On May 18, Teofilo Ruiz, Professor of History at the University of California, Los Angeles, took the Wriston Auditorium stage to present a lecture entitled “1492: The History of the Vanquished.” As we all know, 1492 was the year Christopher Columbus sailed to the Americas and spread the news that he had “discovered” something great. Ruiz, however, told the story from a different perspective—the perspective of the vanquished. To be more exact, Ruiz told the stories of the Aztec, Muslim and Jewish people of Spain and Mexico and what these people suffered as a result of the “finding” of the Americas.
Ruiz began with the Muslims of the Iberian Peninsula, who crossed the Gibraltar Strait in 711 C.E. to conquer the empire of present-day Spain. They lived in relative harmony with the surrounding populations, and the Jewish people who inhabited the same area flourished under Islamic rule.
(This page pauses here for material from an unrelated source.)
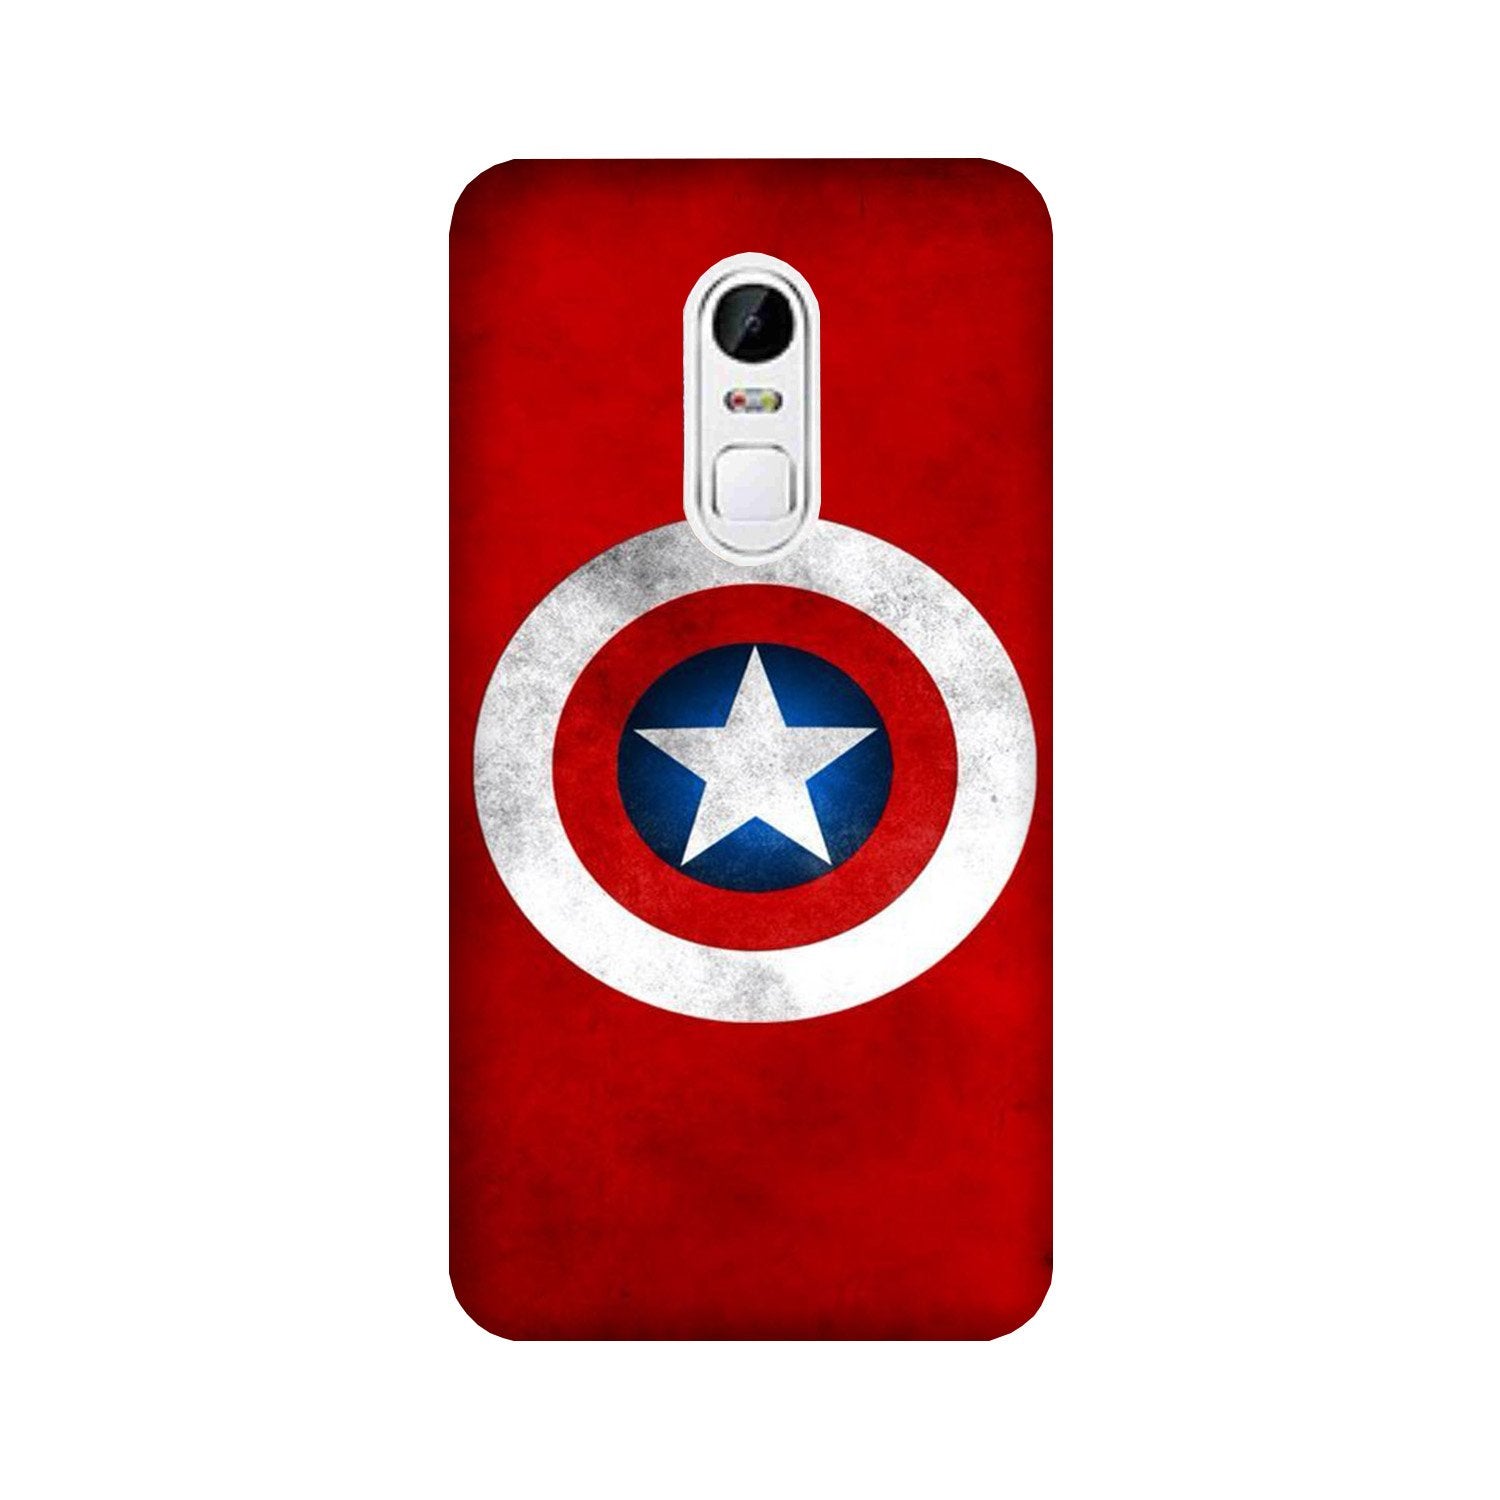 Captain America Case for Lenovo Vibe X3 (Design No. 249)

This peace was disturbed when the Muslim kingdoms crumbled and Christian armies defeated them. Both sides had violently pursued attacks on the other, and this situation would only inflate as time went on. At this point, around 1212 C.E., there was a question of who would control the peninsula. A fear of miscegenation arose and Muslims and Jews began to be targeted for their faith—being sold into slavery and expelled from the land. In the year 1480, King Ferdinand and Queen Isabella of Spain conquered Granada, one of the only remaining cities under Islamic control. Though the Muslims here were promised certain rights under a treaty, these freedoms were not carried through. In 1492, 8,000 Jews fled Spain because they would not convert to Christianity.
The same path of destruction ensued from 1517-1520 when Columbus and other Spaniards encountered the Aztec population of Mexico. The Aztec civilization—which was bright, civilized and dominant—was undermined by the Spaniards and their allies, and collapsed and was lost as a result.
Ruiz’s message for the audience was that great things may happen in history, but they are often founded on the demise of other people. This is true of the Muslims and Jews of the Iberian Peninsula, and the Aztecs of Mexico. He urged the audience to be thorough in their research and to recognize that advancement for one is often destruction for another. As students and researchers, it is our responsibility to history to internalize this truth.